→ BRIEF
Would you please output the records exactly as they appear below?

→ PROVIDED MATERIAL
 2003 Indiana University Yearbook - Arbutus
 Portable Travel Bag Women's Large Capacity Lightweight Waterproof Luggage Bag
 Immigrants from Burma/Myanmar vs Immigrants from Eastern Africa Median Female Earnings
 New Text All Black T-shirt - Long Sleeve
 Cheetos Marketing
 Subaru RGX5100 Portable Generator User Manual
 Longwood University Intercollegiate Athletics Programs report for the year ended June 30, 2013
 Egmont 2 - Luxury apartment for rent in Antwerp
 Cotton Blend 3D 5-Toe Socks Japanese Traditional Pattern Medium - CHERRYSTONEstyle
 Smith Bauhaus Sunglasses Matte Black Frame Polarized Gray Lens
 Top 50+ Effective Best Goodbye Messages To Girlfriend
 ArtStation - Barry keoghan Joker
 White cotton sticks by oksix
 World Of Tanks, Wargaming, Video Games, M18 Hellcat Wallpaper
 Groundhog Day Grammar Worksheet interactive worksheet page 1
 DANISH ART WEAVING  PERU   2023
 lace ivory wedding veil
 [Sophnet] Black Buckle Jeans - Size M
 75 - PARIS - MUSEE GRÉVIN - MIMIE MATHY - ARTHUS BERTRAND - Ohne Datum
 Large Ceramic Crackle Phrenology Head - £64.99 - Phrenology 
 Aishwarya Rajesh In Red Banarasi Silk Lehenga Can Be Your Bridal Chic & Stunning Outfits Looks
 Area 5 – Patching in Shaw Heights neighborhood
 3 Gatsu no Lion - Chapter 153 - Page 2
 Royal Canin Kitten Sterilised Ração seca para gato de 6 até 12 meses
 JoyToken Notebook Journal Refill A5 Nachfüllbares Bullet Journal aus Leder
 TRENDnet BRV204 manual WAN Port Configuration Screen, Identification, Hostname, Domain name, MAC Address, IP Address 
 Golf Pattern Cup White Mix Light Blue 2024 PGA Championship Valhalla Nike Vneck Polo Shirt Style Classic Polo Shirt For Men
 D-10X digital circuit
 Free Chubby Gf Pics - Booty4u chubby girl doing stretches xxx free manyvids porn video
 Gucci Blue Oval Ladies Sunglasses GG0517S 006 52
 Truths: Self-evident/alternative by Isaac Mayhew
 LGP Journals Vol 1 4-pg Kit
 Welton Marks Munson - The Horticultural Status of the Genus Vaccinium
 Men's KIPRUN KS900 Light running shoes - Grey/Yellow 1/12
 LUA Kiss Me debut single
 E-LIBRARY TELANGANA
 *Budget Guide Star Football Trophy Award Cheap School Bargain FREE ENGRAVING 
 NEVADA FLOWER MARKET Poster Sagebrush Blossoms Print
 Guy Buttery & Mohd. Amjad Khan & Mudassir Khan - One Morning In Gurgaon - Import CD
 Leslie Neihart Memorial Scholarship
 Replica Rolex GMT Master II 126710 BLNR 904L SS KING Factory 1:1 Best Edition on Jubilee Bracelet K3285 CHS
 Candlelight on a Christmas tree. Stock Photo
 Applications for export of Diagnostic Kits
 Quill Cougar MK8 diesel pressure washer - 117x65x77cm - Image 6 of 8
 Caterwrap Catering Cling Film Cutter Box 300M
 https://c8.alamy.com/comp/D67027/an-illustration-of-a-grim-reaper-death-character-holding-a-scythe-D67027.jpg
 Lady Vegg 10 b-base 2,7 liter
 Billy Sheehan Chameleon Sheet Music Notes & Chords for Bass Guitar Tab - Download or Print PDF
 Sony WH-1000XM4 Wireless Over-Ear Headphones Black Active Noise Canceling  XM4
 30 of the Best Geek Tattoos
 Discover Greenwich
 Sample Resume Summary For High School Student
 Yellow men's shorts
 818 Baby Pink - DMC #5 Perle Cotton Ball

→ SOLUTION TO THIS PROBLEM
 2003 Indiana University Yearbook - Arbutus
 Portable Travel Bag Women's Large Capacity Lightweight Waterproof Luggage Bag
 Immigrants from Burma/Myanmar vs Immigrants from Eastern Africa Median Female Earnings
 New Text All Black T-shirt - Long Sleeve
 Cheetos Marketing
 Subaru RGX5100 Portable Generator User Manual
 Longwood University Intercollegiate Athletics Programs report for the year ended June 30, 2013
 Egmont 2 - Luxury apartment for rent in Antwerp
 Cotton Blend 3D 5-Toe Socks Japanese Traditional Pattern Medium - CHERRYSTONEstyle
 Smith Bauhaus Sunglasses Matte Black Frame Polarized Gray Lens
 Top 50+ Effective Best Goodbye Messages To Girlfriend
 ArtStation - Barry keoghan Joker
 White cotton sticks by oksix
 World Of Tanks, Wargaming, Video Games, M18 Hellcat Wallpaper
 Groundhog Day Grammar Worksheet interactive worksheet page 1
 DANISH ART WEAVING  PERU   2023
 lace ivory wedding veil
 [Sophnet] Black Buckle Jeans - Size M
 75 - PARIS - MUSEE GRÉVIN - MIMIE MATHY - ARTHUS BERTRAND - Ohne Datum
 Large Ceramic Crackle Phrenology Head - £64.99 - Phrenology 
 Aishwarya Rajesh In Red Banarasi Silk Lehenga Can Be Your Bridal Chic & Stunning Outfits Looks
 Area 5 – Patching in Shaw Heights neighborhood
 3 Gatsu no Lion - Chapter 153 - Page 2
 Royal Canin Kitten Sterilised Ração seca para gato de 6 até 12 meses
 JoyToken Notebook Journal Refill A5 Nachfüllbares Bullet Journal aus Leder
 TRENDnet BRV204 manual WAN Port Configuration Screen, Identification, Hostname, Domain name, MAC Address, IP Address 
 Golf Pattern Cup White Mix Light Blue 2024 PGA Championship Valhalla Nike Vneck Polo Shirt Style Classic Polo Shirt For Men
 D-10X digital circuit
 Free Chubby Gf Pics - Booty4u chubby girl doing stretches xxx free manyvids porn video
 Gucci Blue Oval Ladies Sunglasses GG0517S 006 52
 Truths: Self-evident/alternative by Isaac Mayhew
 LGP Journals Vol 1 4-pg Kit
 Welton Marks Munson - The Horticultural Status of the Genus Vaccinium
 Men's KIPRUN KS900 Light running shoes - Grey/Yellow 1/12
 LUA Kiss Me debut single
 E-LIBRARY TELANGANA
 *Budget Guide Star Football Trophy Award Cheap School Bargain FREE ENGRAVING 
 NEVADA FLOWER MARKET Poster Sagebrush Blossoms Print
 Guy Buttery & Mohd. Amjad Khan & Mudassir Khan - One Morning In Gurgaon - Import CD
 Leslie Neihart Memorial Scholarship
 Replica Rolex GMT Master II 126710 BLNR 904L SS KING Factory 1:1 Best Edition on Jubilee Bracelet K3285 CHS
 Candlelight on a Christmas tree. Stock Photo
 Applications for export of Diagnostic Kits
 Quill Cougar MK8 diesel pressure washer - 117x65x77cm - Image 6 of 8
 Caterwrap Catering Cling Film Cutter Box 300M
 https://c8.alamy.com/comp/D67027/an-illustration-of-a-grim-reaper-death-character-holding-a-scythe-D67027.jpg
 Lady Vegg 10 b-base 2,7 liter
 Billy Sheehan Chameleon Sheet Music Notes & Chords for Bass Guitar Tab - Download or Print PDF
 Sony WH-1000XM4 Wireless Over-Ear Headphones Black Active Noise Canceling  XM4
 30 of the Best Geek Tattoos
 Discover Greenwich
 Sample Resume Summary For High School Student
 Yellow men's shorts
 818 Baby Pink - DMC #5 Perle Cotton Ball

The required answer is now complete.